2 Comments leave one →
  1. Laura Crume permalink
    October 18, 2010 6:39 am

    Very well written Lea. I hope that all of you leave the IS with a better understanding of so many different areas of our lives that we take for granted. Most importantly, that you take what you have learned back to your family, school and community and make a difference. Thank you for sharing your journal entry.

    Laura
    Clay’s Mother

  2. Chiquisha permalink
    October 18, 2010 2:51 pm

    Lea,

    I totally agree.
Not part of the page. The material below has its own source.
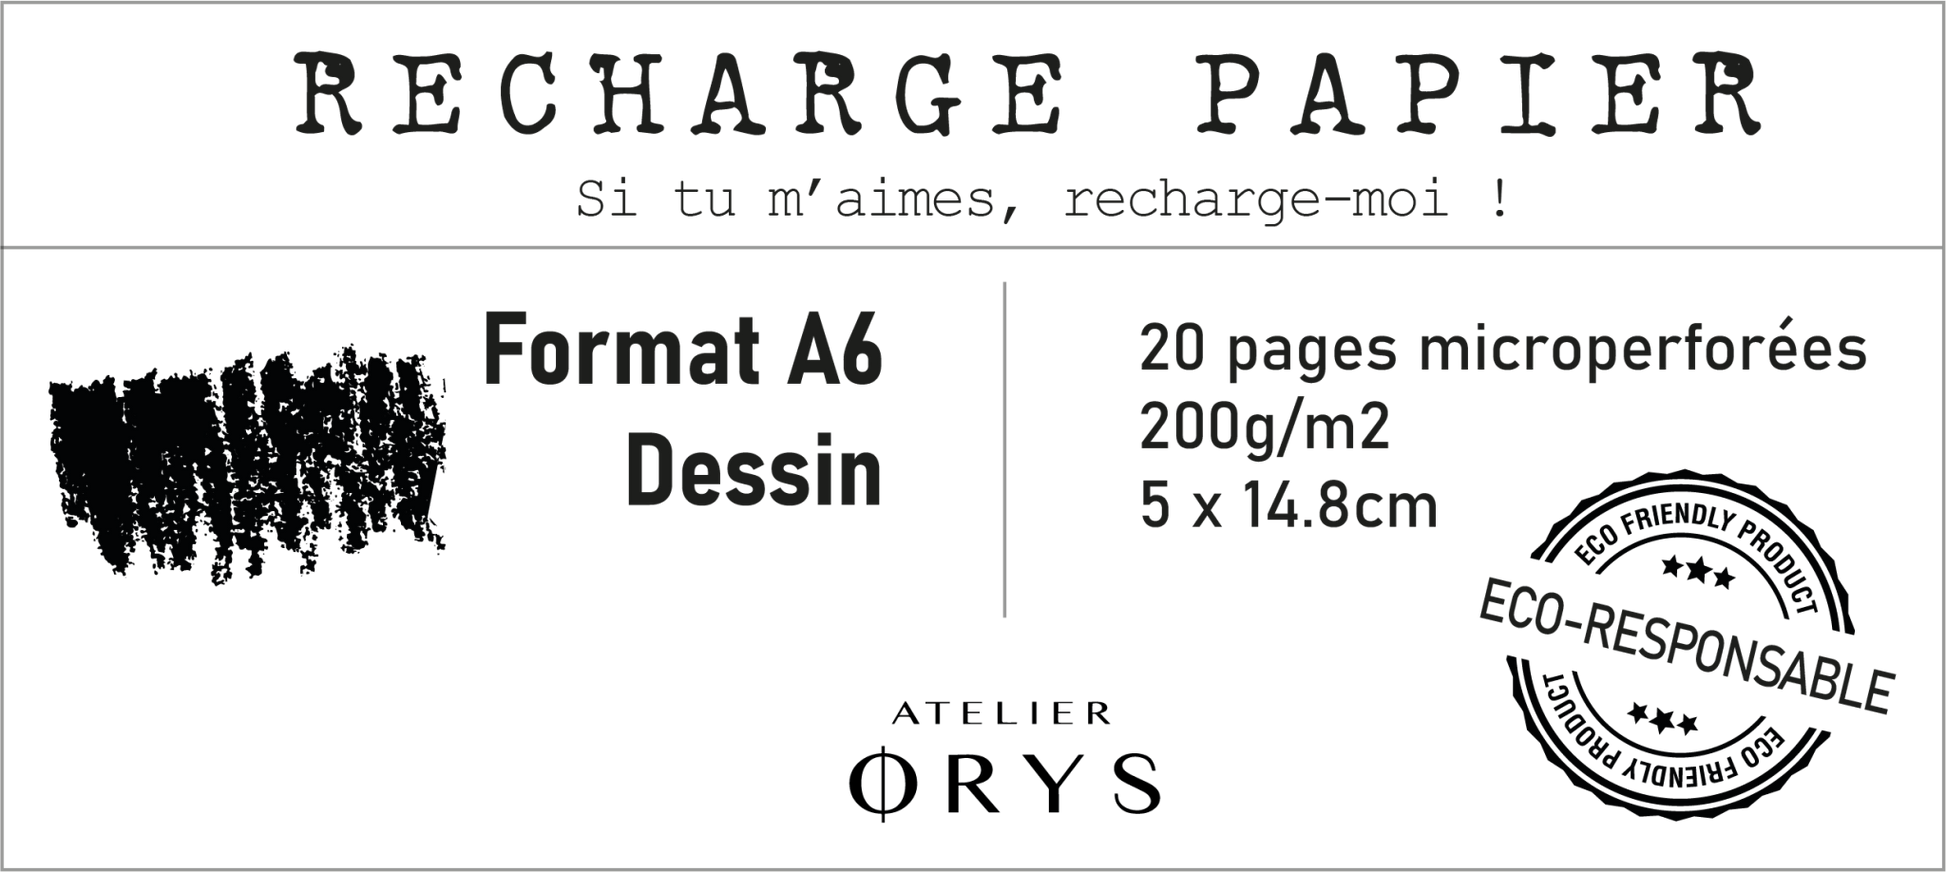 Recharge petit carnet - Papier dessin - Atelier ORYS

The choice definitely starts with self and it can be hard. Recently, I made a commitment to eat organic and I must admit that it can be both challenging and expensive. Why does society intentionally make it harder to do what’s right. Unfortunately the nation’s poor health is often facilitated by big business. What makes me excited and hopeful is knowing that you have realized this at such a young age and will influence those around you.